- Leader: Collective leadership
- Founded: December 2013 – July 2015
- Ideology: Social democracy Green politics Venetian nationalism Civic nationalism Direct democracy
- Political position: Centre-left to left-wing
- European affiliation: European Free Alliance Youth

Website
- sancaveneta.org

= Venetian Left (2013) =

Venetian Left (Sanca Veneta, SV) is a social-democratic and green political party in Veneto, embracing pro-Europeanism, internationalism, as well as Venetian nationalism and separatism. Its first leaders were Matteo Visonà Dalla Pozza and Giovanni Masarà. Its current leaders are Antonella Muzzolon and Matteo Visonà Dalla Pozza.
The party is a member of the European Free Alliance Youth (EFAY).

==History==
During a Venetist demonstration in Bassano del Grappa in December 2013, a group of left-leaning Venetists occasionally met and decided to start SV, which was officially founded as a full-fledged party in July 2015.
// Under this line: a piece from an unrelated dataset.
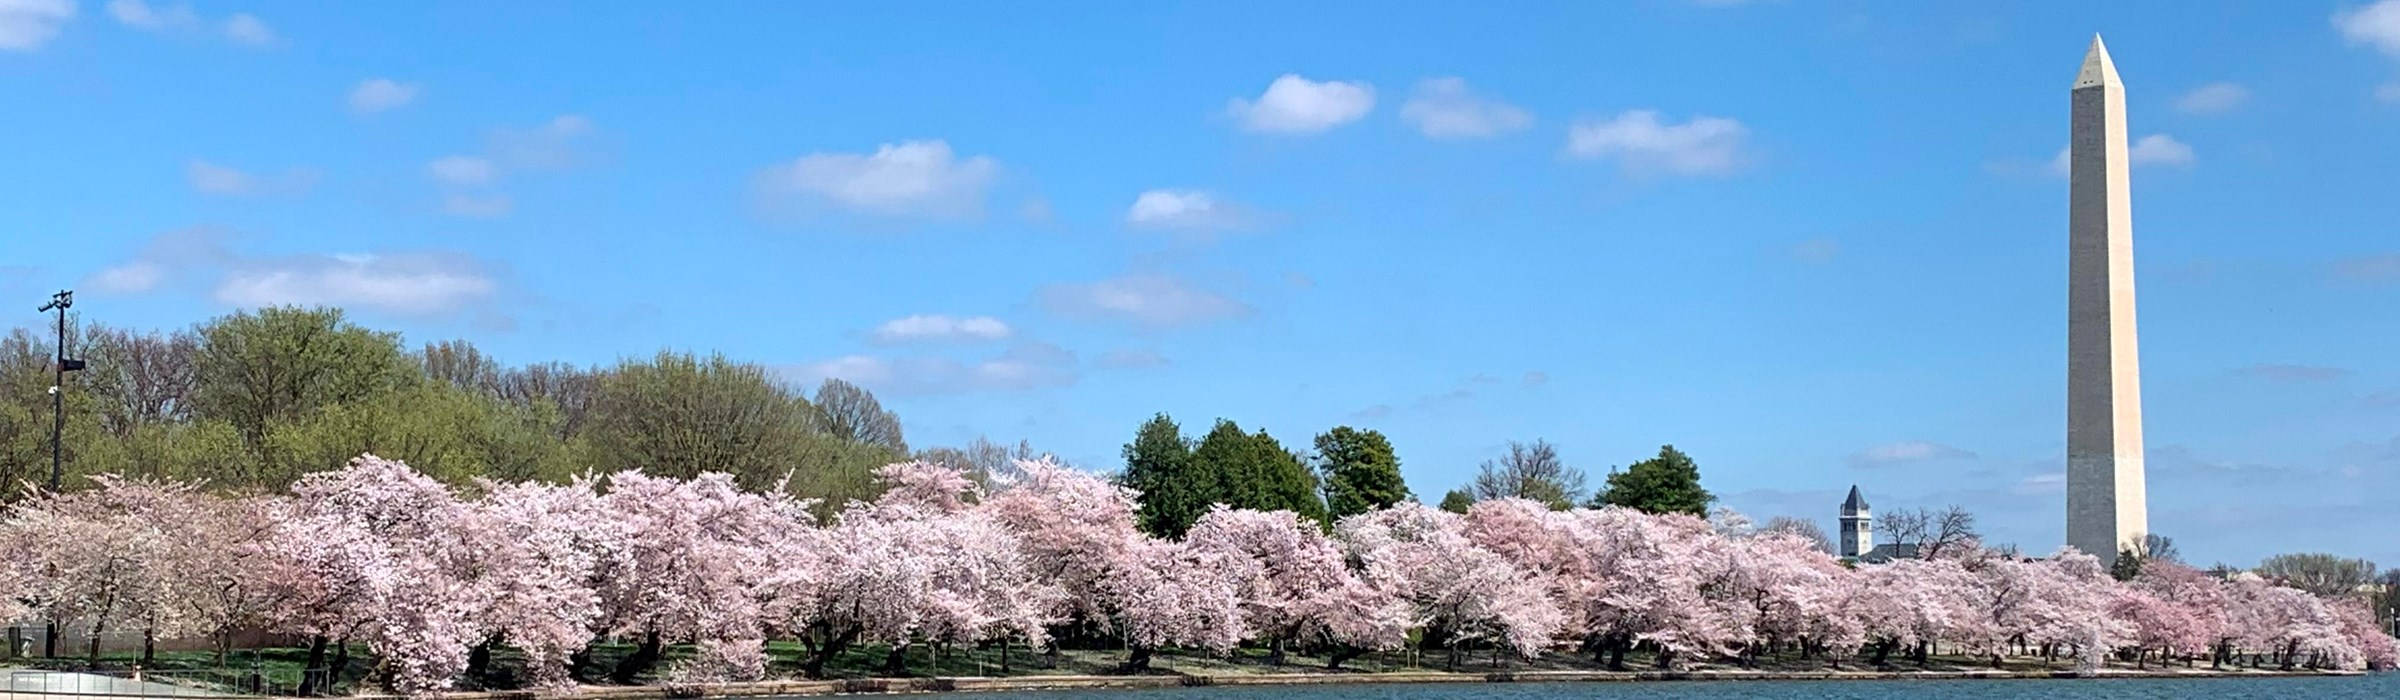 Parquenacional Con Cerezos En Flor. Fondo de pantalla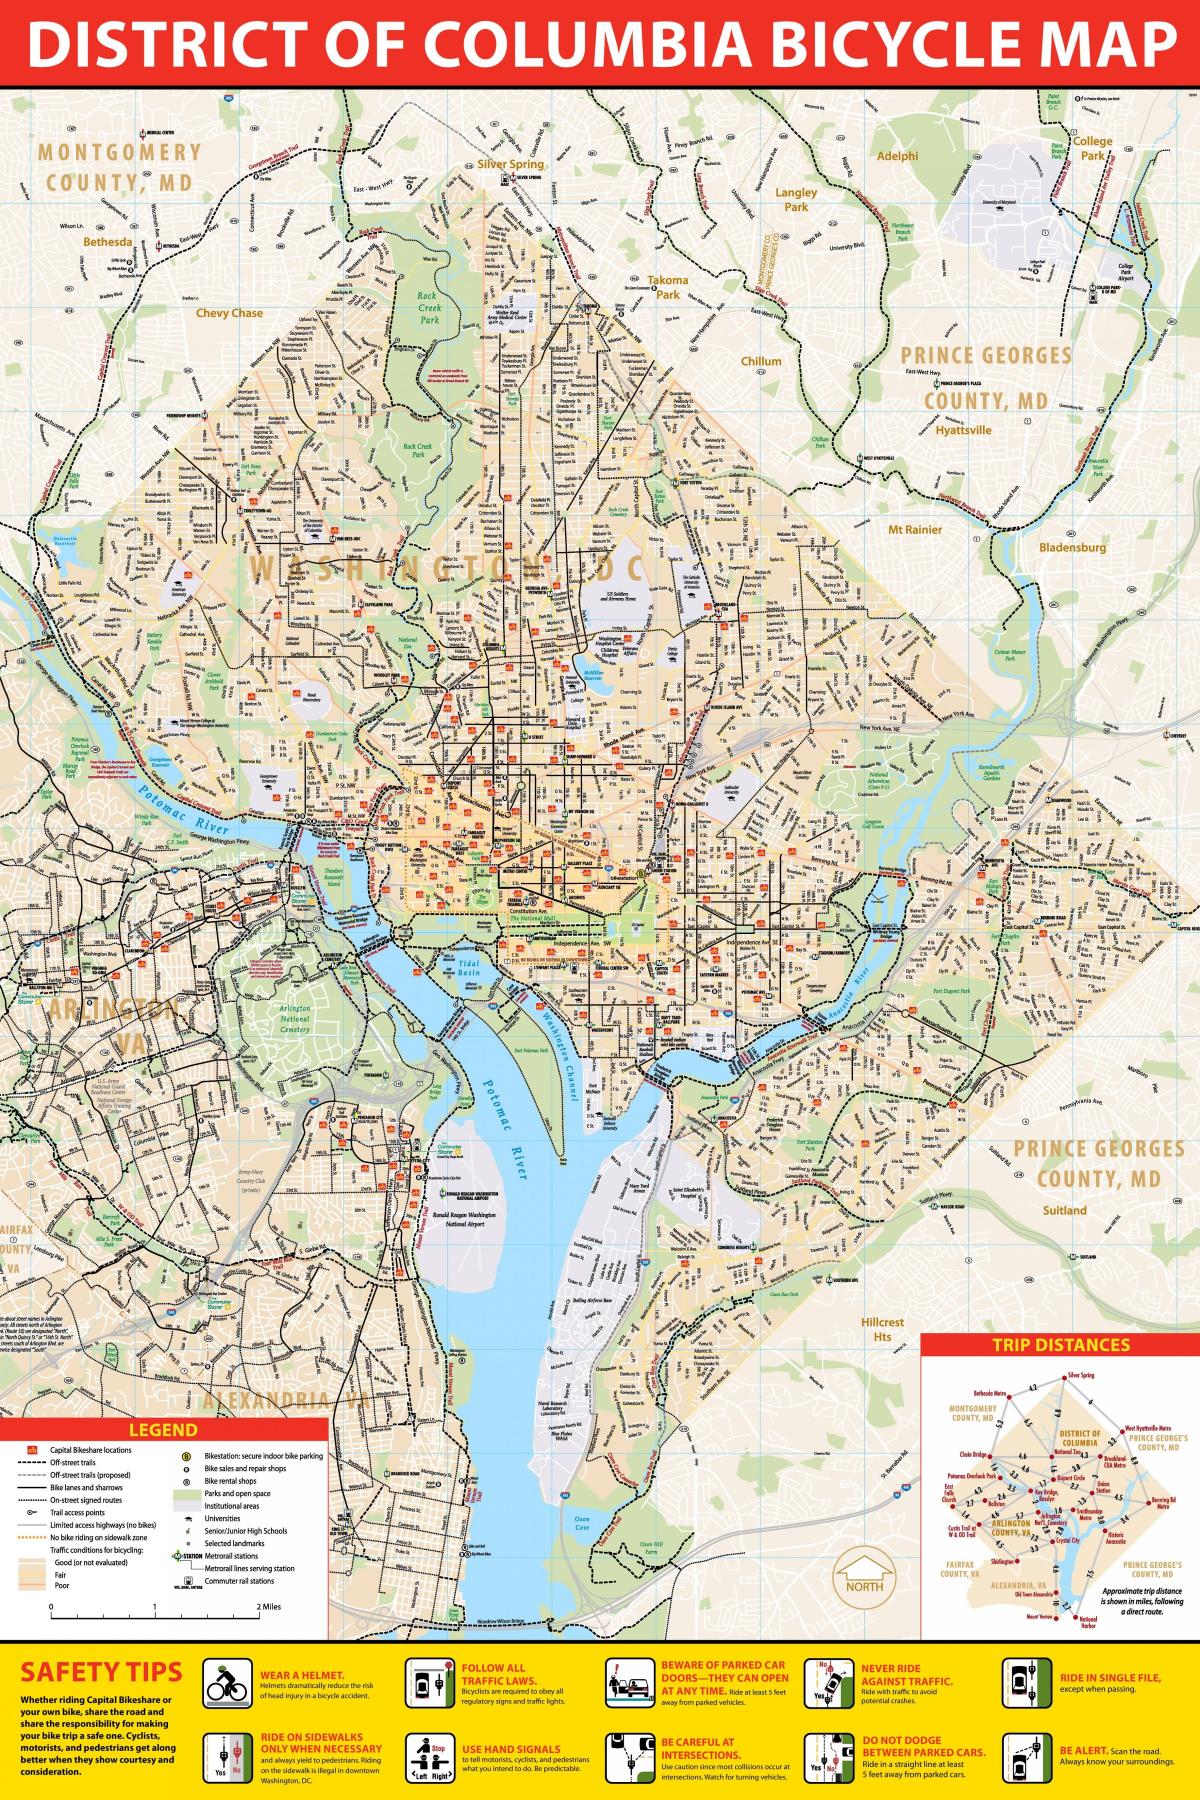 Вашингтон велосипеда карті

In the run-up of the 2017 autonomy referendum SV has been quite involved in campaigning, especially through "VIVA – Centre/Left Committee for the Autonomy of Veneto", which included the regional councillor Cristina Guarda as well as minor members of the Democratic Party. The party has celebrated both Liberation Day and the Feast of Saint Mark, patron of Veneto, in Venice on 25 April, every year.

In 2018 SV member Andrea Cordioli ran at the head of the Borgo Libero list in the municipal election of Villafranca di Verona. The list obtained 4.0% of the vote and Cordioli was elected councillor.

Masarà was one of EFAY vice presidents until 2019 when, as part of the renewal of the bureau, he was replaced by former Sanca co-leader Andrea Mion and later Diego Cavallaro.

SV took part to the 2020 Venetian regional election within the centre-left coalition supporting independent professor Arturo Lorenzoni for President of Veneto and obtained 0.1% of the vote. Lorenzoni himself was defeated by Luca Zaia, the incumbent President hailing from the rival Liga Veneta party, 76.8% to 15.7%.